2. O tempo de aprovação foi encurtado, pois as instâncias administrativas para a apreciação e decisão dos pedidos de que trata este Código, foram simplificadas.
3. A clara divisão de tarefas e responsabilidades, pois o arquiteto terá a responsabilidade legal de elaborar o projeto em conformidade com a legislação e com as normas técnicas vigentes. Já o responsável técnico pela obra deverá realizar a construção de acordo com o projeto. O proprietário, por sua vez, será responsável pelo correto atendimento das disposições do COE e legislação correlata e pela veracidade das informações apresentadas.

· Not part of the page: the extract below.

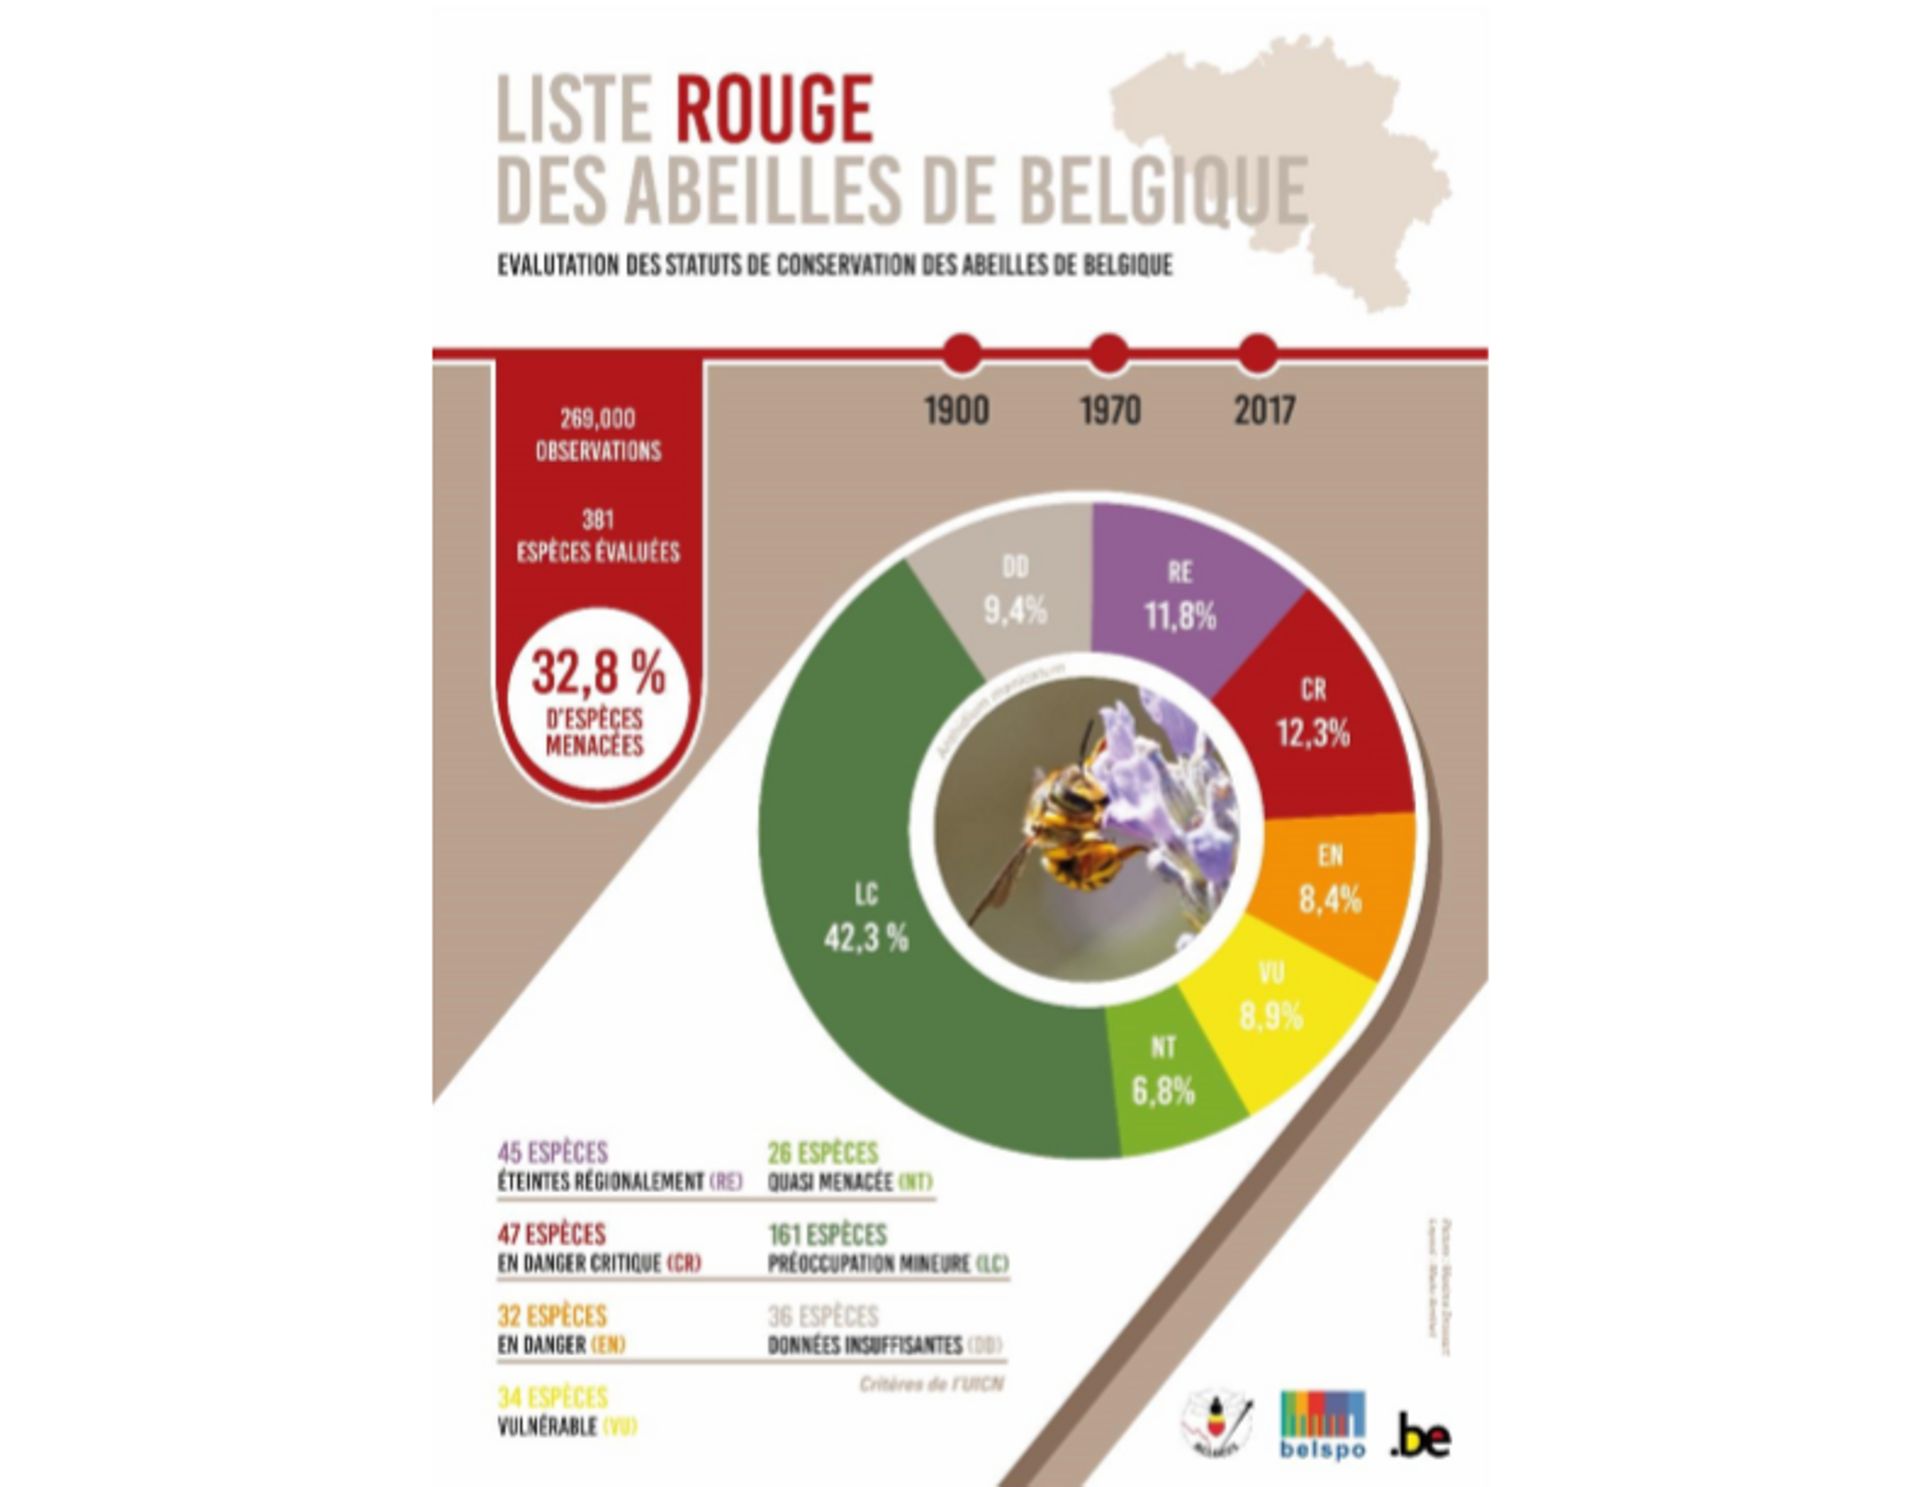 "La liste rouge des abeilles", un rapport alarmant sur les abeilles sauvages de Belgique

Mas no que tange diretamente o Retrofit, destaco duas novidades muito importantes:
1. Dentro do item Requalificação de Edificações, o novo código apresenta o conceito de “adaptação razoável”, aceitando soluções que não atendam necessariamente a legislação vigente, para modernização de edificações existentes, construídas antes de 1992. Como por exemplo a possibilidade de aprovação mesmo que o projeto não consiga atender a todas as condições de Acessibilidade, que era um impacto grande anteriormente, mediante uma declaração através do Modelo de declaração de impraticabilidade técnica de atendimento às condições de acessibilidade. O modelo consta no COE.
2. E também no item de Requalificação de Edificação Existente é admitida a ampliação da área construída para suprir às necessidades de adequação e modernização das instalações da edificação. É considerado não computável o aumento de área destinado à adaptação razoável à acessibilidade e à melhoria das condições de segurança de uso, higiene e salubridade da edificação existente, não sendo considerado para efeito de cálculo do coeficiente de aproveitamento e da taxa de ocupação previstos na LPUOS (Lei de Parcelamento, Uso e Ocupação do Solo).